Problem details
Everything from the line with "Saluti da L'Aquila schermata8_bassa" through the last line of the data below should be copied exactly, apart from the pictures.

━━━ Dataset content

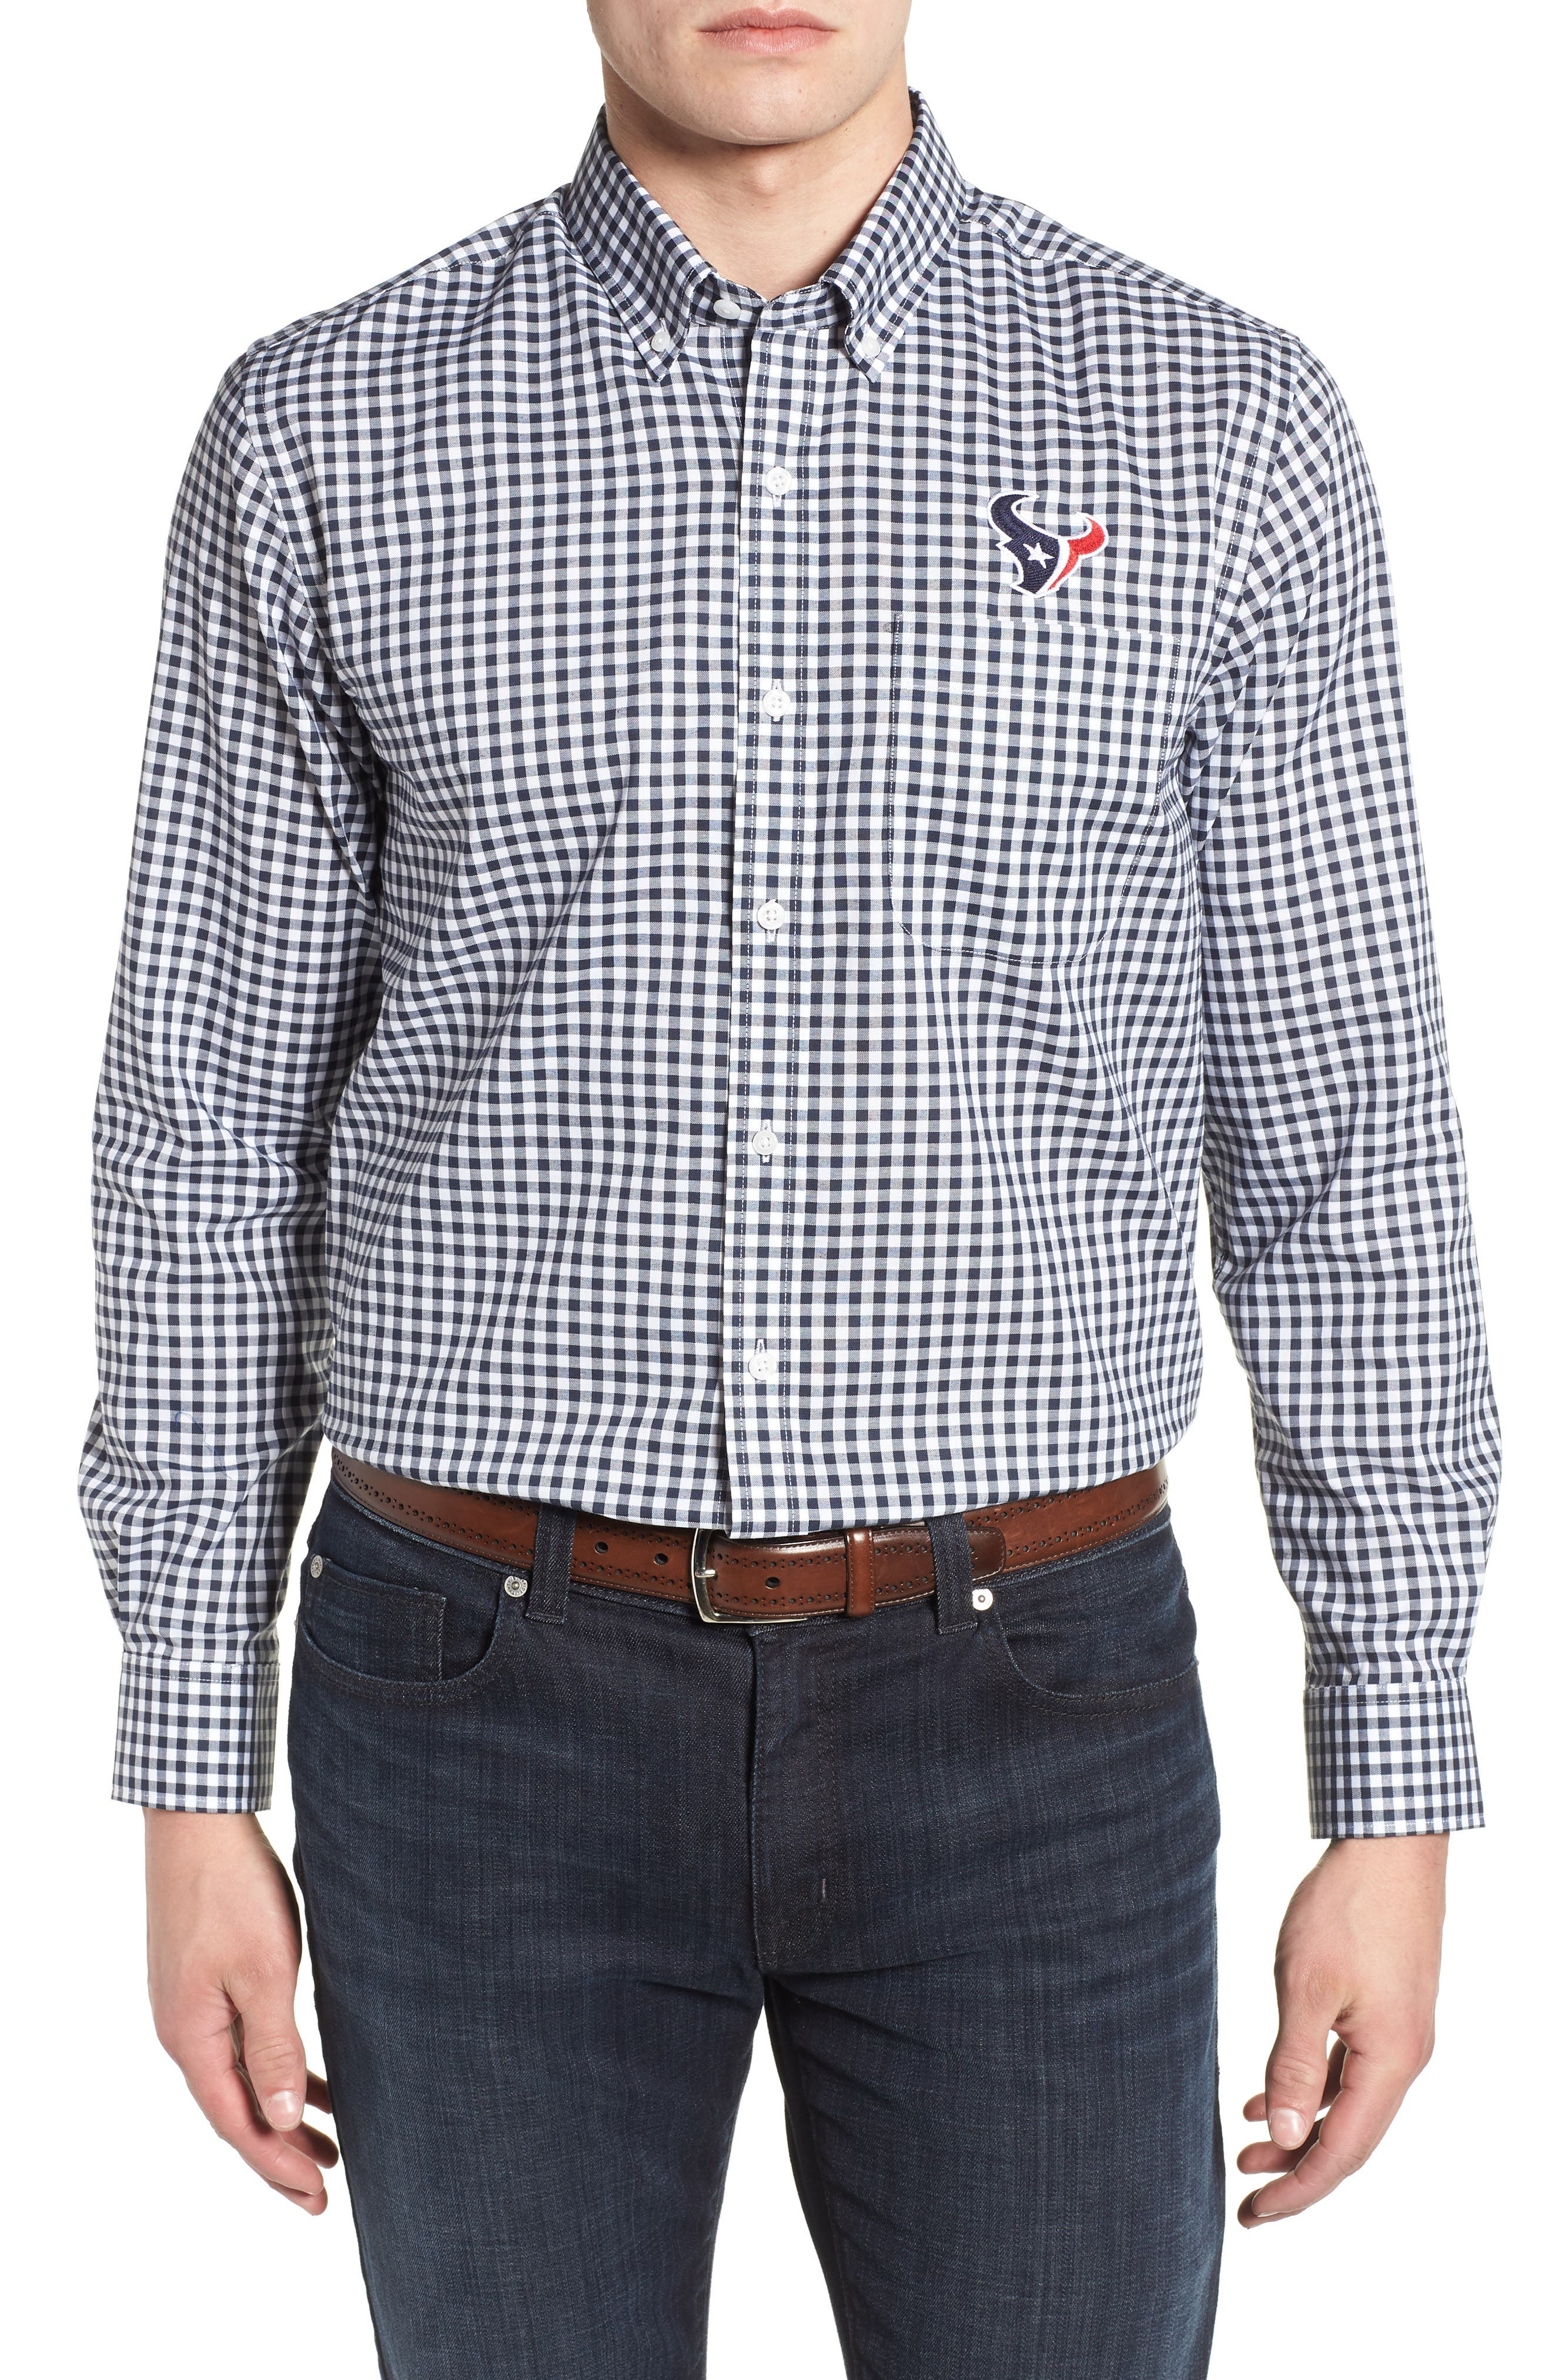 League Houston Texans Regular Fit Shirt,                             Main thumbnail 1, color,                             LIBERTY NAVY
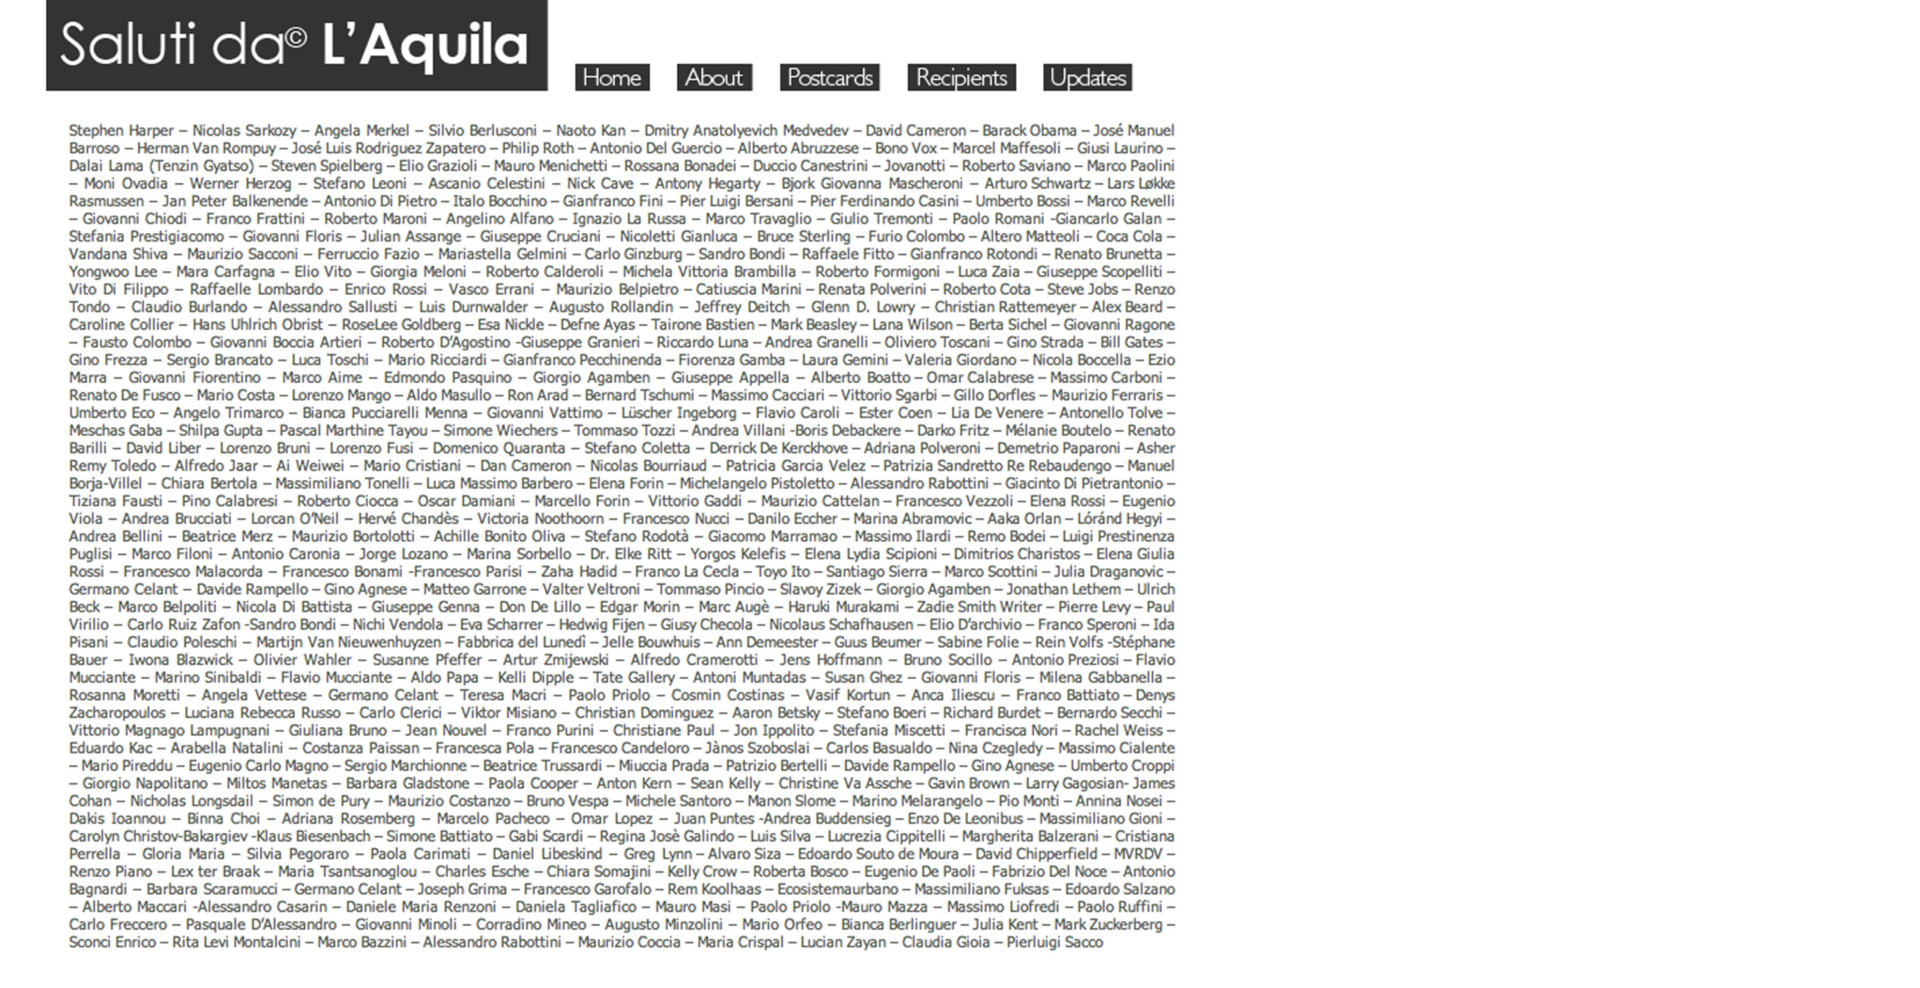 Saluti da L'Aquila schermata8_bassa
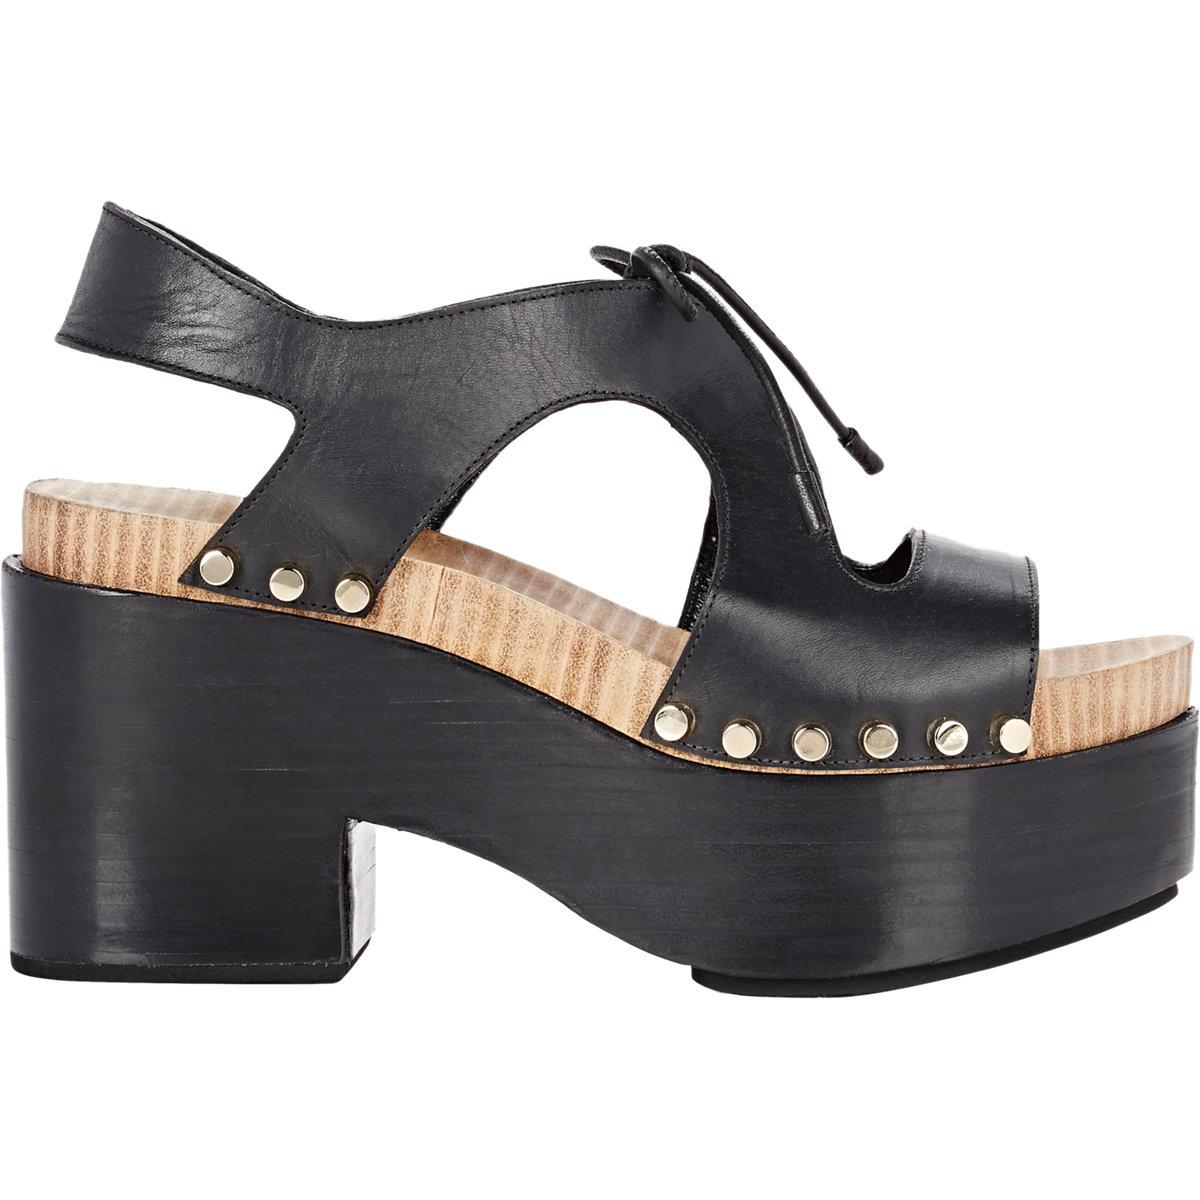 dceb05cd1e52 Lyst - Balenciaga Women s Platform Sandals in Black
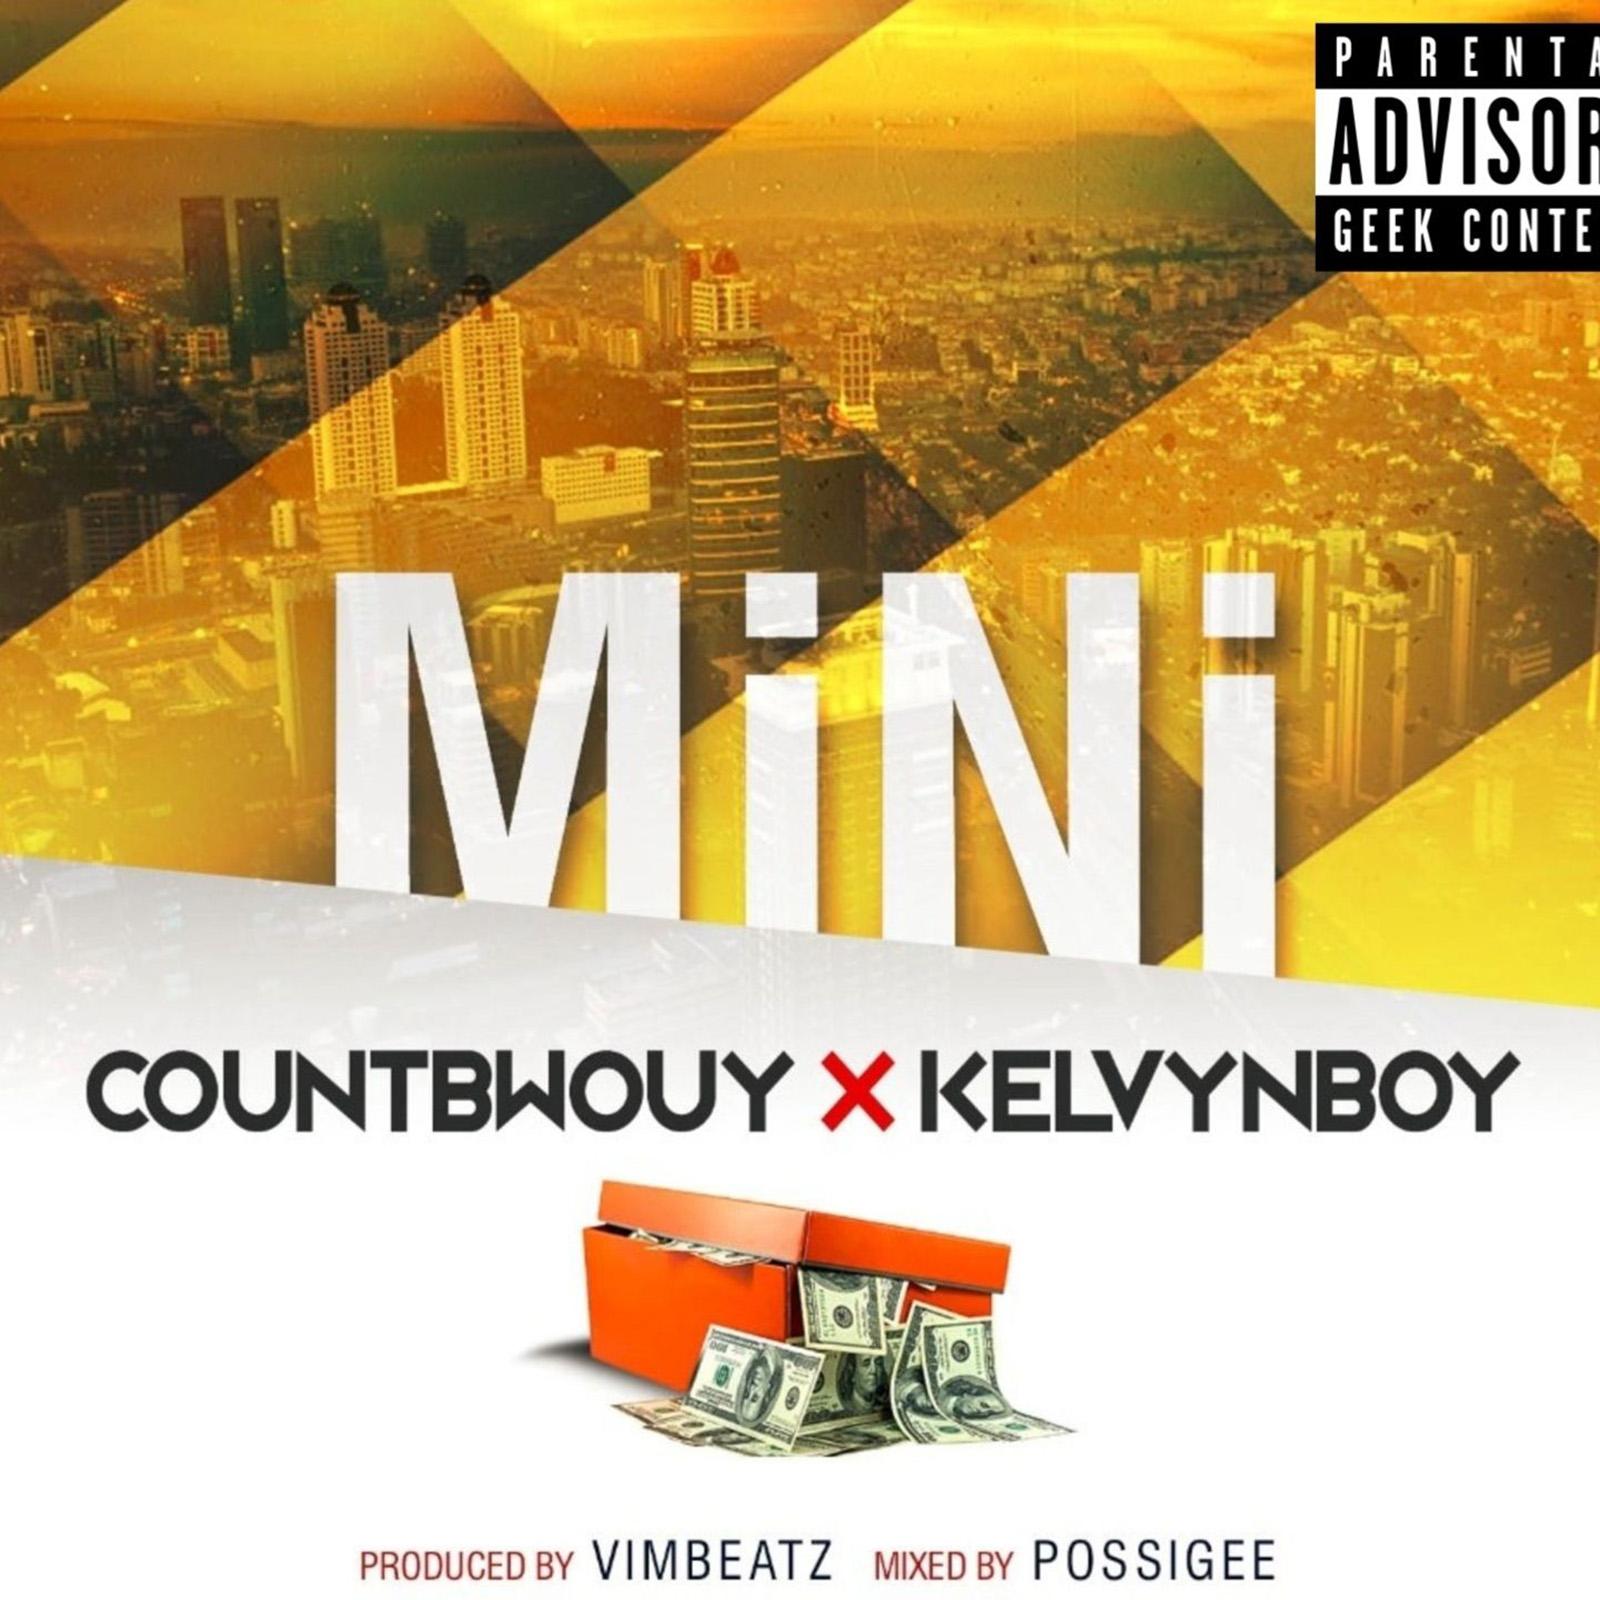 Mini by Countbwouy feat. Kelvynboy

━━━━━━

Response below
 Saluti da L'Aquila schermata8_bassa
 dceb05cd1e52 Lyst - Balenciaga Women s Platform Sandals in Black
 Mini by Countbwouy feat. Kelvynboy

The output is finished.